## [EXERCISE REQUIREMENTS]
What you need to produce from the material below is an exact transcription of the lines from the one with "Опера берлин" through the one with "Bernat Maker Home", both included, and no other line.

## [RECORDS FOR THIS TASK]
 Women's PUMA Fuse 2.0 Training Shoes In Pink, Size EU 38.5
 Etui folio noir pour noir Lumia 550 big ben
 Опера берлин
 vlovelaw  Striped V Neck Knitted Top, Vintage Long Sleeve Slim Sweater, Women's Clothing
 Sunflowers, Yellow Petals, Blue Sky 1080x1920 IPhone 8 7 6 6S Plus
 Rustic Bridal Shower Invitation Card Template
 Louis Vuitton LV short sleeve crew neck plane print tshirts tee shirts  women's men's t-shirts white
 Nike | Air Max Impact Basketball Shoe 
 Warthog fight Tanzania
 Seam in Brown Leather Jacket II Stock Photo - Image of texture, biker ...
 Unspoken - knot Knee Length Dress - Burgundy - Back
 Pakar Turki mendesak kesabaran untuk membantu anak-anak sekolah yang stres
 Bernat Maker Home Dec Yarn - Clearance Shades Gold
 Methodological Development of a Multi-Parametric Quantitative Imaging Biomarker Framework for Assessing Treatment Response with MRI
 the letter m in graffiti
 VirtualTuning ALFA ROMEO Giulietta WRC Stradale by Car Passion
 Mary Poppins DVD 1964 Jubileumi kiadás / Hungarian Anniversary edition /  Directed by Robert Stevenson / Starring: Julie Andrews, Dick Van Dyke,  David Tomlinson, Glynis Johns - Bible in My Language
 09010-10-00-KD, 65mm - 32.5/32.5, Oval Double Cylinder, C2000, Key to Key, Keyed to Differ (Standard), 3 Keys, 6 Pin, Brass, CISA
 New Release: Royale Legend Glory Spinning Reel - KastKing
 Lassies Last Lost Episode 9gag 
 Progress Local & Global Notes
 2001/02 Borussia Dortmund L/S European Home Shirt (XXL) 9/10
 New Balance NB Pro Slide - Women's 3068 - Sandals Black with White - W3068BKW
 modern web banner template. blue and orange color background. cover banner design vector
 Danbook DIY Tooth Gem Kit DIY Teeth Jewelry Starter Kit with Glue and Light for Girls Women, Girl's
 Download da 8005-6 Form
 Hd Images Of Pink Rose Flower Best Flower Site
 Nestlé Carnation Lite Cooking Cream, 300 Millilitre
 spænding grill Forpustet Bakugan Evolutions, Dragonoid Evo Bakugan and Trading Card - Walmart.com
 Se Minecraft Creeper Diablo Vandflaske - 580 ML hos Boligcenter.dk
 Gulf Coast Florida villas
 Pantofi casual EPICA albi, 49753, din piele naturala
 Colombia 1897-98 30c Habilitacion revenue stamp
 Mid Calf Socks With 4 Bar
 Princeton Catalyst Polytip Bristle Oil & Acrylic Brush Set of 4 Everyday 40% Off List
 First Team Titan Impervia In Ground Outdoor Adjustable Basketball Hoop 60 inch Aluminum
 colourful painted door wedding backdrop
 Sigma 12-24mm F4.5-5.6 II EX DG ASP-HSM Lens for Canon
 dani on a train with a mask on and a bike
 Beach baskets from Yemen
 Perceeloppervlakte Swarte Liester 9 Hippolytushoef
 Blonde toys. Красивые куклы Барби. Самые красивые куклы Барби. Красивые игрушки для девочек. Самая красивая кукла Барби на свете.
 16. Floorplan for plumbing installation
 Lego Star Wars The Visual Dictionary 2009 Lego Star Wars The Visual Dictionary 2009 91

## [ANSWER]
 Опера берлин
 vlovelaw  Striped V Neck Knitted Top, Vintage Long Sleeve Slim Sweater, Women's Clothing
 Sunflowers, Yellow Petals, Blue Sky 1080x1920 IPhone 8 7 6 6S Plus
 Rustic Bridal Shower Invitation Card Template
 Louis Vuitton LV short sleeve crew neck plane print tshirts tee shirts  women's men's t-shirts white
 Nike | Air Max Impact Basketball Shoe 
 Warthog fight Tanzania
 Seam in Brown Leather Jacket II Stock Photo - Image of texture, biker ...
 Unspoken - knot Knee Length Dress - Burgundy - Back
 Pakar Turki mendesak kesabaran untuk membantu anak-anak sekolah yang stres
 Bernat Maker Home Dec Yarn - Clearance Shades Gold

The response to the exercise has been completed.